Effects of 24 and 48 h treatments of methyl-3α,23-dihydroxy-17, 14-friedolanstan-8,14,24-trien-26-oat obtained from the G. celebica leaves on the proliferation of MCF-7 breast cancer cell lines.
Proapoptotic activity of methyl-3α,23-dihydroxy-17,14frie dolanstan-8,14,24-trien-26-oat through PARP protein activation
The MTT assay showed strong inhibitory activity of methyl-3α,23- dihydroxy-17,14-friedolanstan-8,14,24-trien-26-oat against the MCF-7 cell line proliferation, thus, the compound was further examined for its proapoptotic activity through PARP protein activation within 24 and 48 h of treatment. The inhibition of MCF-7 human breast cancer cells proliferation by the compound was mediated by the induction of apoptosis, marked by PARP protein activation, which is one of the most optimal biomarkers of apoptosis. Furthermore, the compound also inhibited the expression of Akt oncogene (Fig. 3).

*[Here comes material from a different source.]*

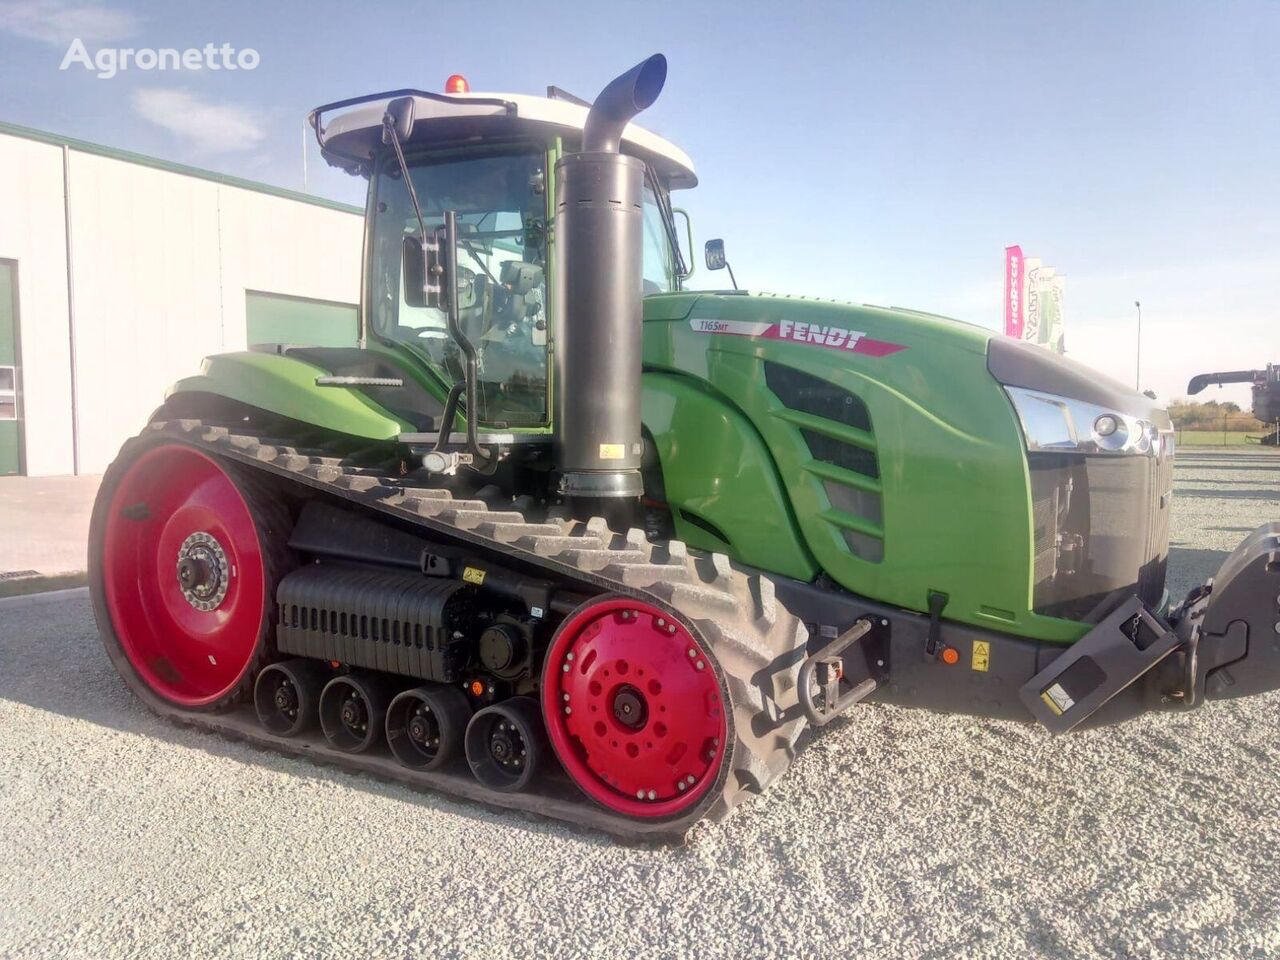 Fendt 1165 MT Vario S4 crawler tractor

Pro-apoptotic activity of methyl-3α,23-dihydroxy-17,14-friedolanstan-8,14,24-trien-26-oat obtained from the G. celebica leaves.
Discussion
Traditional medicinal plants have long been regarded as a source of potential therapeutic agents, and the search for new drugs is usually based on this approach (13). In drug discovery, our previous studies recently applied a new approach of selecting plants based on the use of those plants by primates (3,5). In our previous study, the extracts of the G. celebica leaves were strongly cytotoxic to the MCF-7 breast cancer cell line (6). Thus, these extracts had the potential for further investigation.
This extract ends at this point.